The impacts have already been felt by financial institutions and will go on to have an indirect effect on other companies. European and British Banking regulatory and supervisory authorities have pointed to the credit and market risk associated with physical phenomena and with exposure to industries affected by energy transition. They have called on financial institutions to adapt their corporate governance and design their products with regard to these risks.

The European Commission is pushing forward its policy of promoting sustainable finance and in May 2018 adopted a package of measures which are expected to change the rules of play for investment and finance and include a possible Regulation that will require investment companies to ask about their clients’ preferences in relation to environmental factors.

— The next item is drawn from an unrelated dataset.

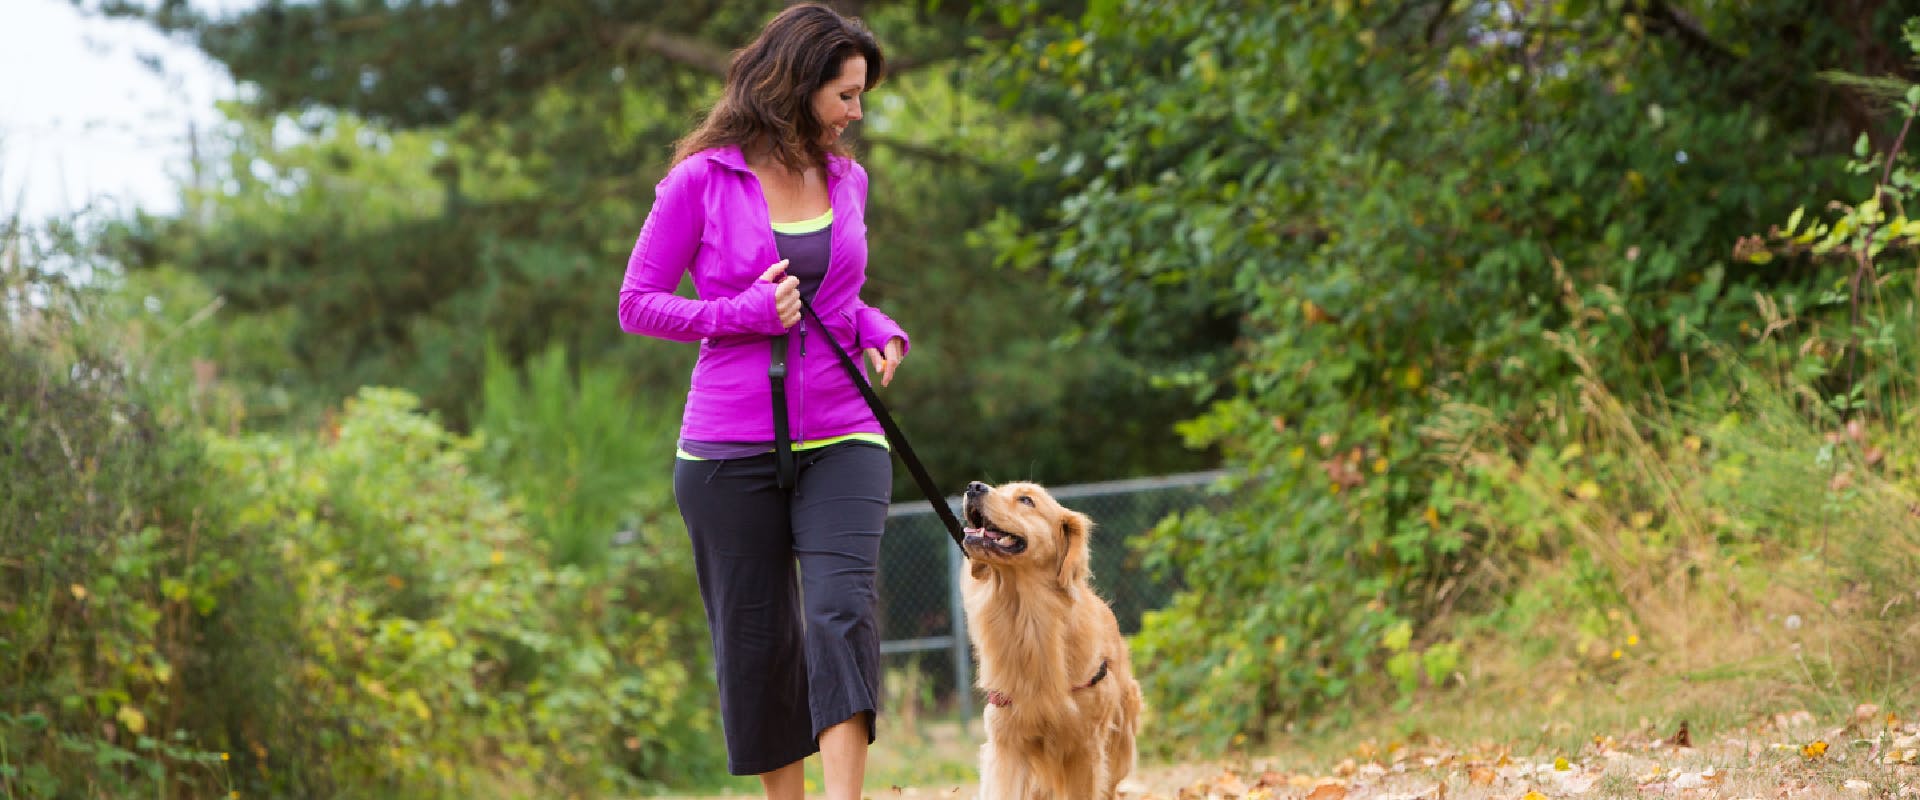 Walking the dog is one of many health benefits of owning a dog.

Companies outside the financial industry should take note. Besides setting an example in corporate governance matters, banks’ policies will have an effect on the prices of their financing products not just for particularly exposed companies but also for other sectors and activities such as purchasing goods and services (consumer goods and housing, for example).

The effect on the capital markets of the requirements or preferences of funds and of final savers will become increasingly noticeable.

The large banks have already drawn up internal policies, limiting financing for certain activities including any contributing to global warming. We also believe that the banks with bring to their corporate loans disclosure and conduct obligations related to climate change as they have been doing with other sensitive legislation on sanctions or anti-bribery matters.

More public disclosure obligations

European Directive 2014/95 on non-financial information must be read and applied from the standpoint of climate change. We also want to draw attention to the principles approved in December 2016 by the Task Force on Climate-Related Financial Disclosures (https://www.fsb-tcfd.org/); which while not binding are illustrative. Listed companies and other “public interest” companies have a special duty to monitor climate risk as we are reminded for example by the Spanish Securities Market Commission (CNMV) in its 2017 guidance on audit committees.

Large companies have long been publishing sustainability reports, calculating the carbon footprint of their activities, undertaking to use electricity from renewable sources, and signing up to initiatives like the Carbon Disclosure Project.

A shower of lawsuits

Litigation and penalty risks will increase. The courts will not remain insensitive. It is telling to see how many judges are in the Expert Group on Climate Obligations of Enterprises (https://climateprinciplesforenterprises.org/) which has just published its principles. Lawsuits will ensue from penalties for breaches of the legislation, non-contractual or tort liability and the liability of securities issuers in relation to public disclosure.

On top of these lawsuits arising in short from the distribution of the cost of mitigation and adaptation measures, climate change shows signs of pervading legal culture in a varied range of fields taking in business combinations, public procurement, zoning  and planning or consumer lawsuits.